Dental plaque is the major etiology for dental, gingival, and periodontal diseases. Chemical and mechanical control of dental plaque is the most important preventive treatment for the management of dental and oral health problems. Regular oral hygiene practices including correct method of toothbrushing using proper toothpaste can mechanically remove the plaque biofilm and prevent its accumulation. Interdental cleaning aids like dental floss, interdental brushes, and oral irrigators can help in maintaining good oral hygiene.
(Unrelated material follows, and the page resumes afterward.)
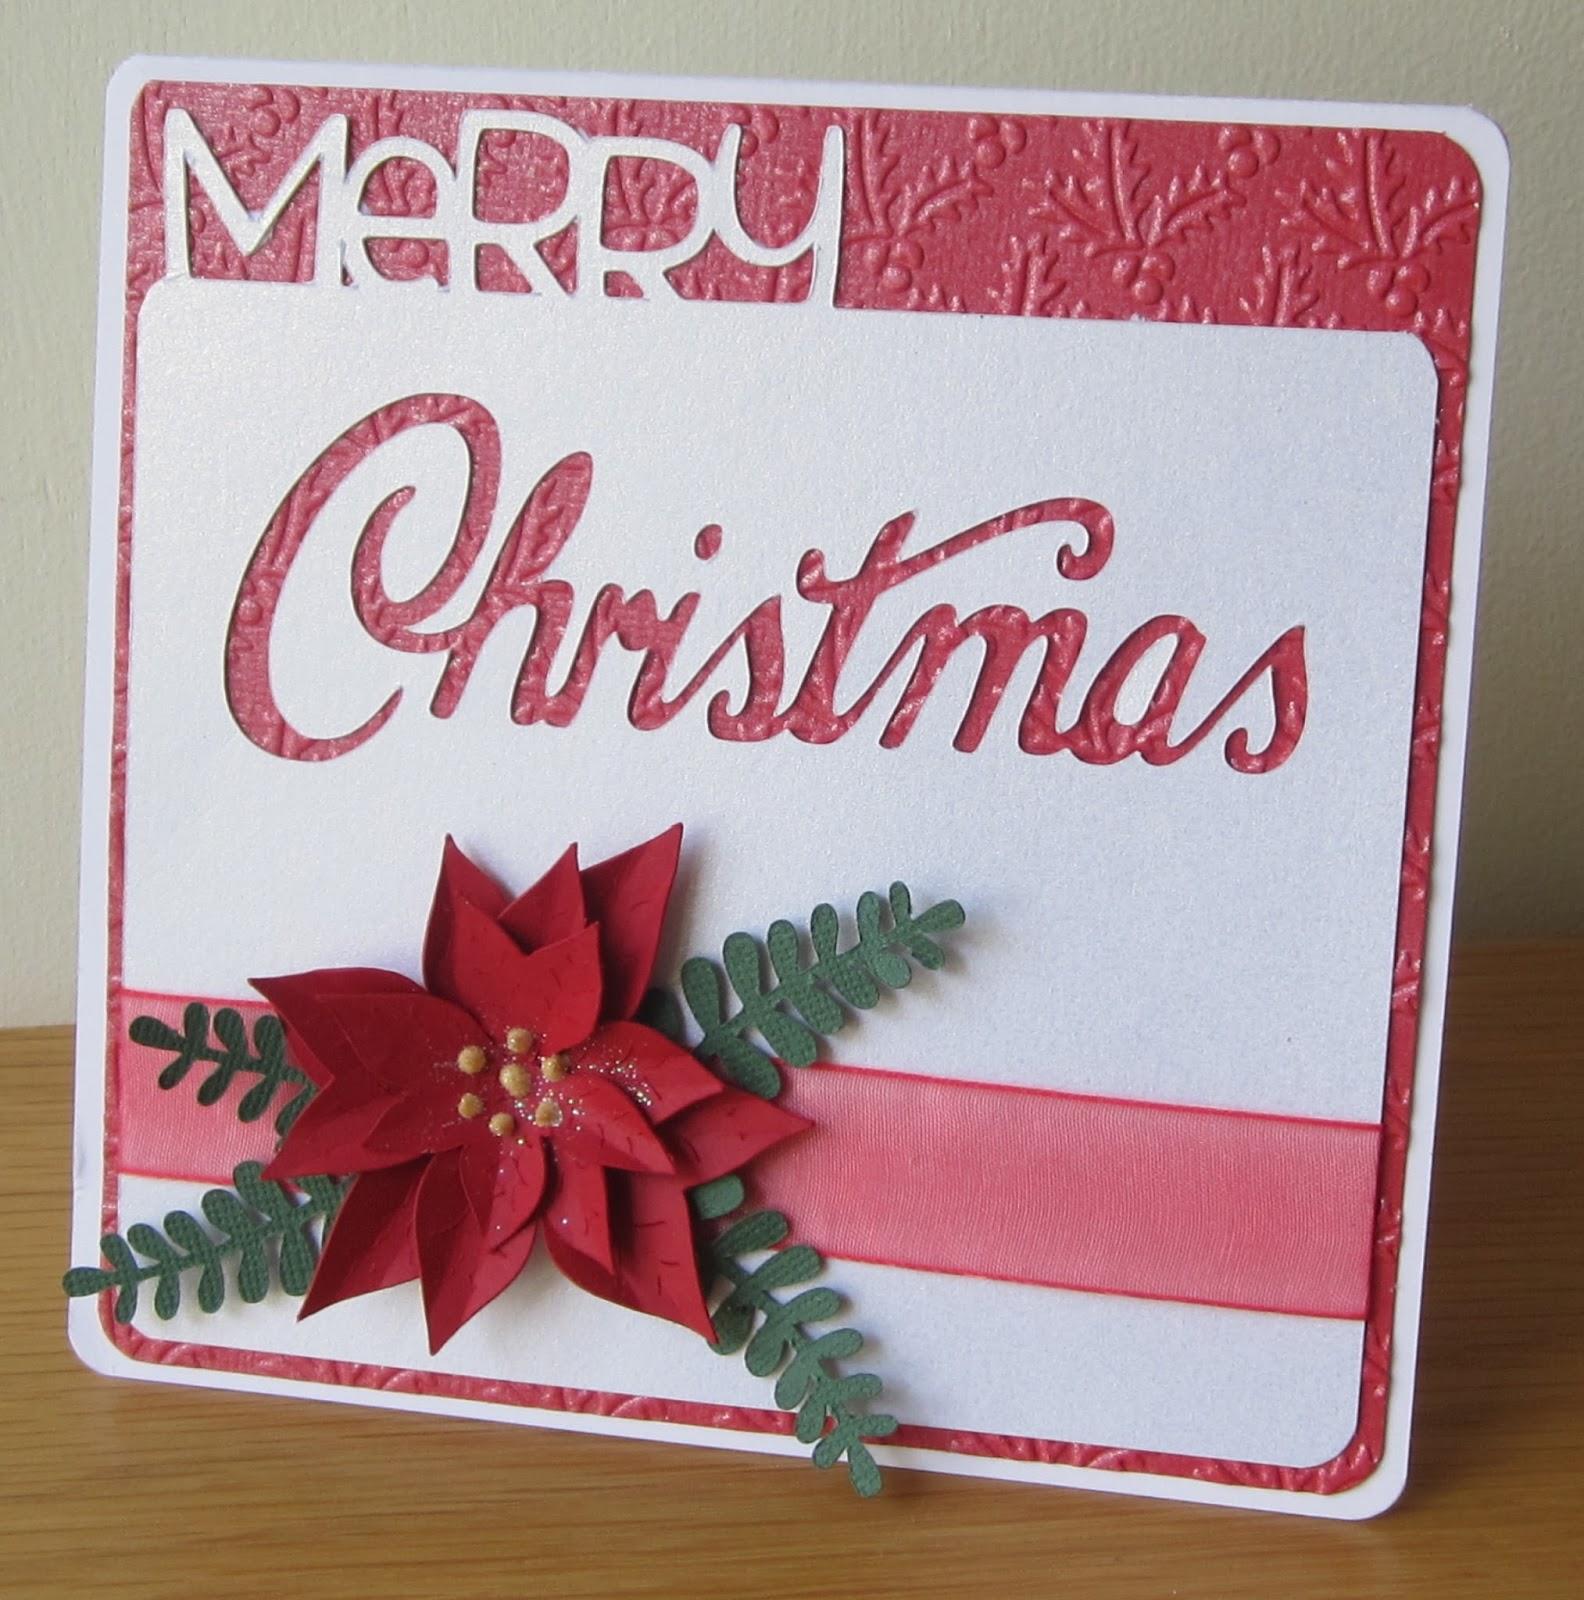 Must Buy Christmas Gifts for Teachers - Christmas ...

Chemical plaque control can be used as an adjunctive to mechanical plaque control for effective plaque removal. Chlorhexidine mouthwash (0.1–0.5%) is the most effective agent in chemical plaque control. However, it can cause irritation to oral tissues along with dryness if used inappropriately.46 Use of fluoride-containing toothpaste and mouthwash is recommended to prevent dental caries. Topical application of fluoride can provide protection from dentinal sensitivity. Saliva substitutes, artificial saliva, and salivary flow stimulators can be used in the management of xerostomia. Topical application of analgesic and anesthetic gels can be recommended for the management of BMS. Women should be encouraged to have a balanced diet, exercise, sleep, and meditation to overcome nutritional and psychological problems.

CONCLUSION

Oral health is the mirror of general health. Women are more sensitive to oral health disorders due to their hormonal changes. Menopause affects general health as well as oral health. Dentists, gynecologists, and physicians should work together for the management of oral, physical, and psychological problems associated with menopause. Postmenopausal women should be advised regular dental checkups along with good oral hygiene measures to maintain oral health.